Speakeasy just dropped a go-fast library for reading API blueprints (called OpenAPI) at scale, promising both accuracy and speed. They say existing tools either miss pieces or turn everything into messy maps, so they built a reflection-powered parser that models the spec closely and handles wild, circular references. The pitch: make it the default for Go devs working with OpenAPI, Swagger, and friends, all in one repo.
The comments turned it into an industry cage match. Team Postman argued real companies ship Postman files, not OpenAPI—hello Salesforce, Notion—and blasted the “login wall.” One spicy prediction: Postman will lock API lookup behind a paid MCP. Team Skeptic rolled eyes: “processing thousands” doesn’t scream “build your own supercharger.” The memes wrote themselves: “Reinventing the wheel speedrun,” “Circular refs are the circles of dev hell,” and “Just eat your spec broccoli.” Team Builder clapped back: correctness matters when specs get huge and weird, and central performance wins ripple everywhere. Result: speed vs reality, standards vs convenience, and one very loud parsing party.
Translation: OpenAPI is the instruction manual for an API, while Postman files are the pre-packed samples. Speakeasy bets on manuals; the crowd debates if samples have already won the kitchen—today.
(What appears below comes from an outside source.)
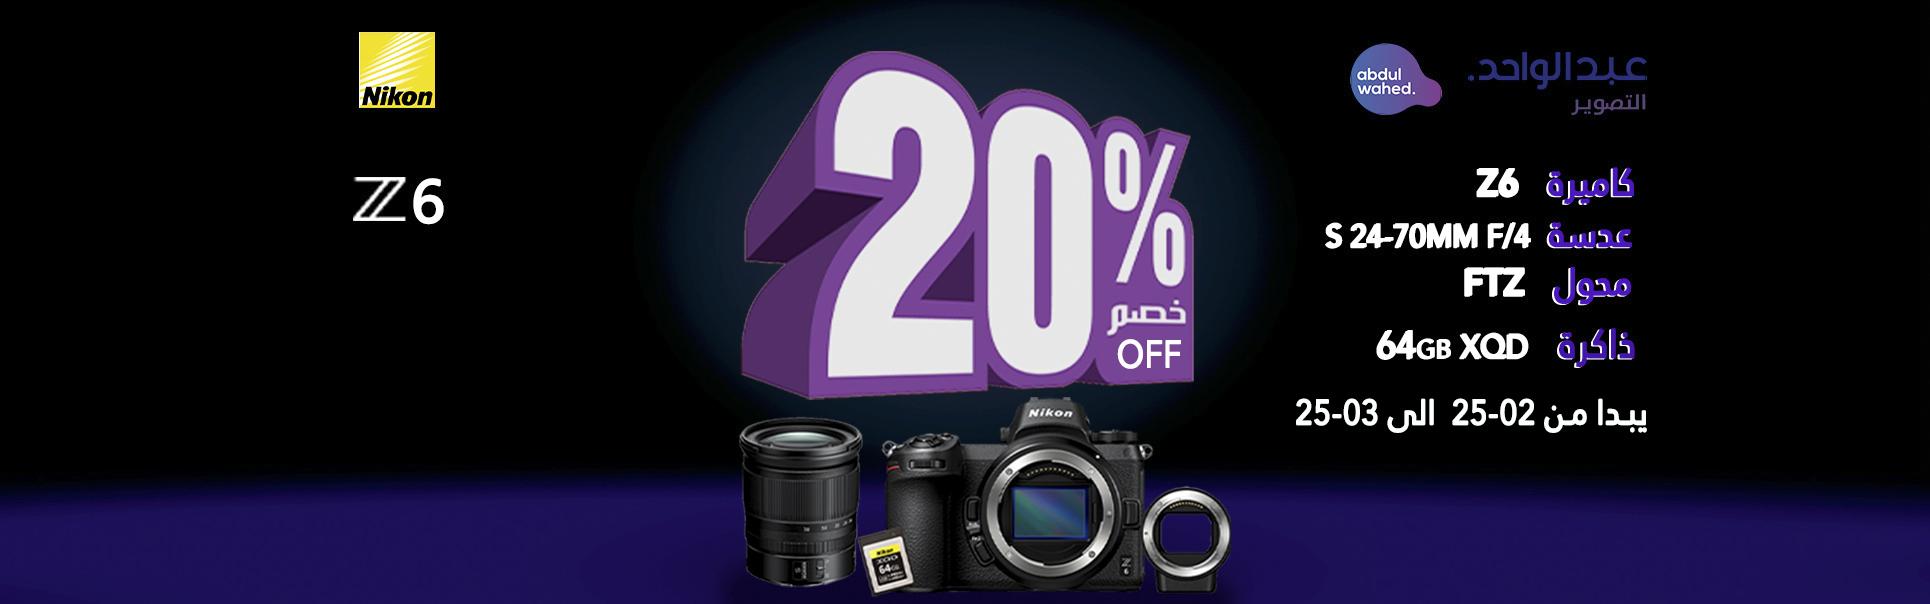 z6 offer

Seriously.
Key Points
- •Speakeasy released a Go library (speakeasy-api/openapi) to parse, validate, and transform OpenAPI-related specs with high performance and precision.
- •The library addresses shortcomings in existing Go OpenAPI libraries by closely modeling the spec while maintaining type safety.
- •A custom reflection-based marshaller separates model definitions from deserialization to support multiple specs and versions efficiently.
- •An intermediate Node representation preserves dynamic field shapes and location information for better validation and error reporting.
- •The library supports OpenAPI (2.0–3.2), Swagger 2.0, Arazzo, and Overlay Specification documents, with centralized performance optimizations.